What If Disney’s Fox Deal Wasn’t So Terrible?

In the grand scheme, even with all the challenges Disney faces, the issue of what to do with the Fox assets is a good problem to have.
Disney C.E.O. Bob Iger. In the grand scheme, even with all the challenges Disney faces, the issue of what to do with the Fox assets is a good problem to have. Photo: Matt Winkelmeyer/Getty Images
Matthew Belloni
February 23, 2023

It’s funny how narratives develop in Hollywood. I was at a dinner this week with a few producers, when the topic turned to Disney, as it often does these days. One of them was quick to note, “The Fox deal—disaster, right?” At the table, it seemed obvious. Of course it was a disaster.

Was it, though? It’s true that Disney’s pricey acquisition of most of 21st Century Fox was premised on the 2017 streaming video landscape, where infinite content promised infinite growth. In March of 2019, when the deal finally closed, C.E.O. Bob Iger, then ramping up for the launch of Disney+, emailed employees that the Fox assets would help Disney “reach farther and aim higher—especially when it comes to building direct connections with consumers.” And it definitely did. Feel free to fight me on this, but I don’t think Disney+, a service that debuted with exactly one original show, would have notched 100 million subscribers in just 16 months without all that Fox content. By comparison, Netflix needed 10 years and more than $100 billion to cross 100 million subs.  

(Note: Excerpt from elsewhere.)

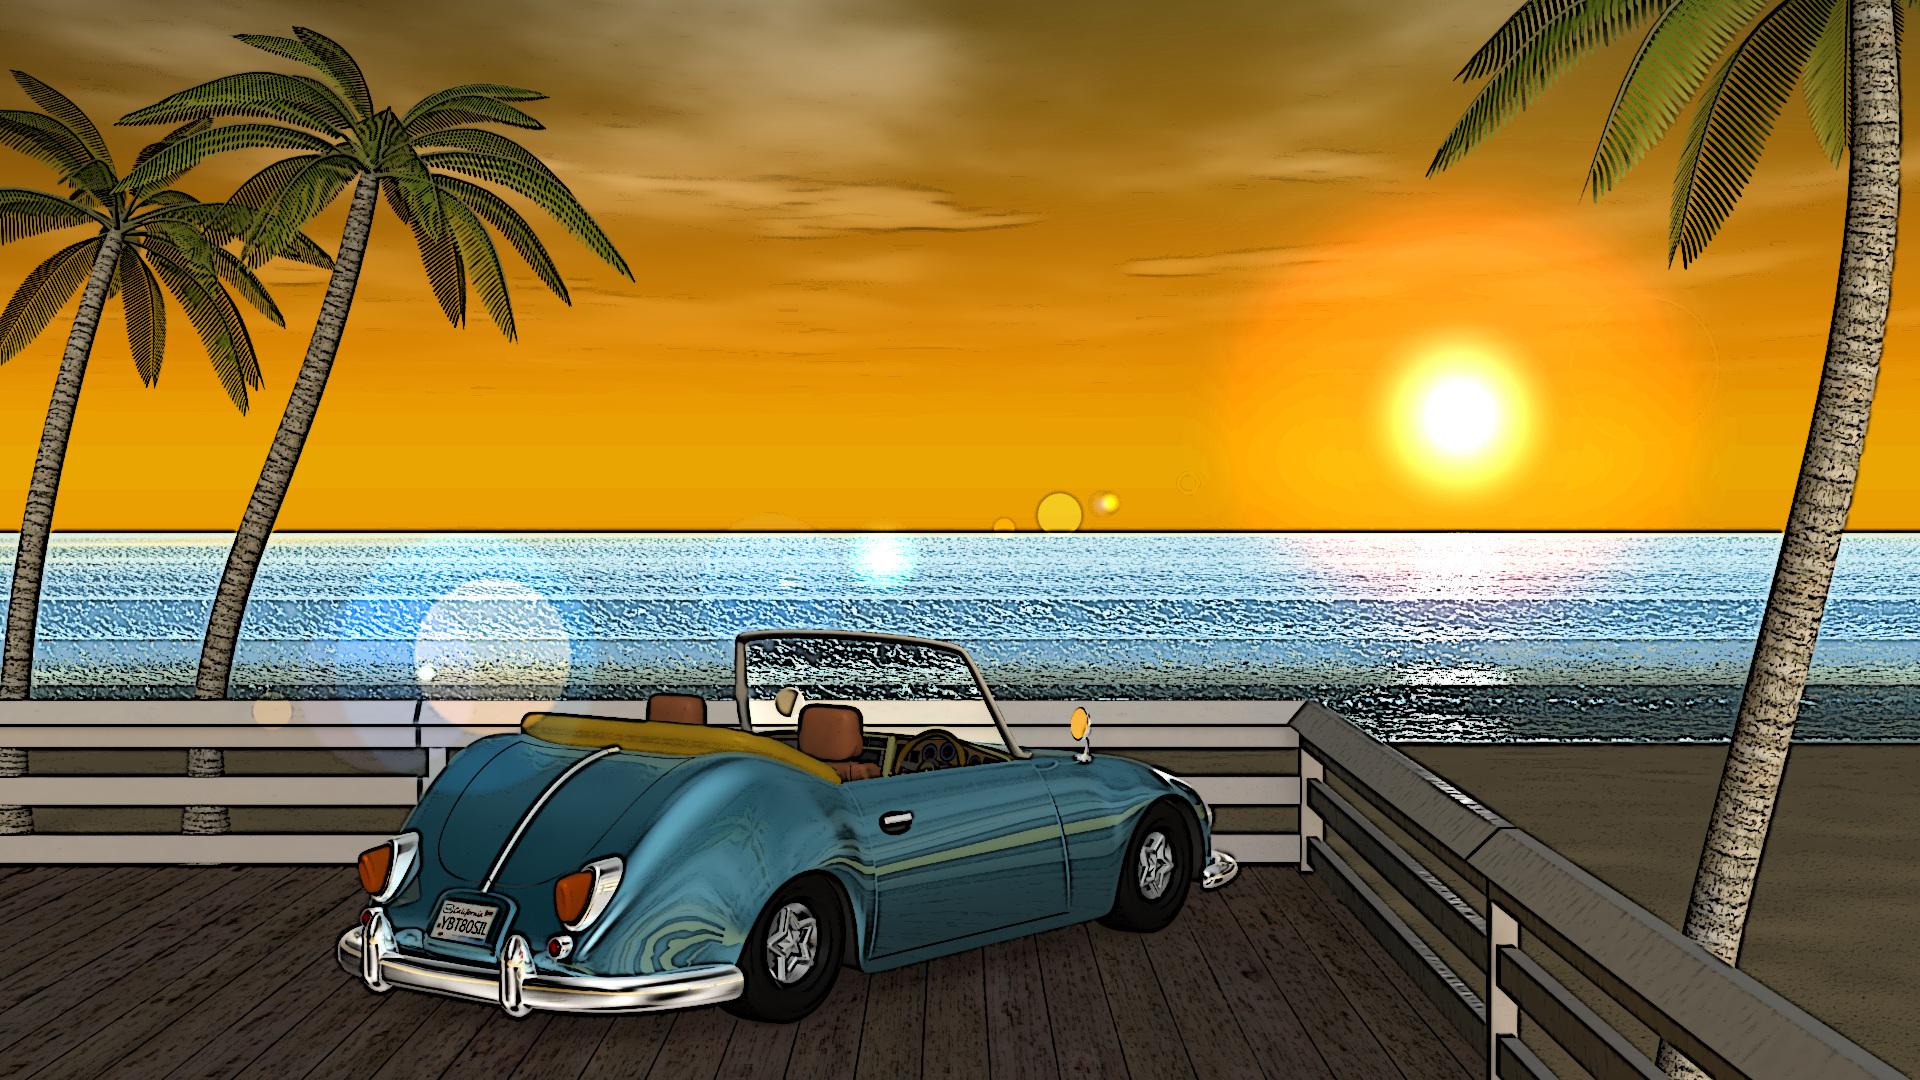 3DCG壁紙 夏の海と椰子の木と車(夕陽)-3

We seem to have forgotten that. These days, moderation and discipline in spending are the north stars, at least at the for-profit entertainment companies—meaning not Amazon or Apple. These are the tenets that led investor Nelson Peltz, at the height of his recent megaphoning over Disney’s costs, to roast Iger’s “poor judgment” for “materially overpaying for the Fox assets.” Thanks to Comcast C.E.O. Brian Roberts, the initial $52.4 billion all-stock deal that Iger struck with Rupert Murdoch over wine at the latter’s Moraga Estate winery was run up to $71.3 billion, plus almost $14 billion in Fox debt. Waaaay too much, Peltz argued. “Fox hurt this company,” he barked on CNBC. “Fox took the dividend away. Fox turned what was once a pristine balance sheet into a mess.”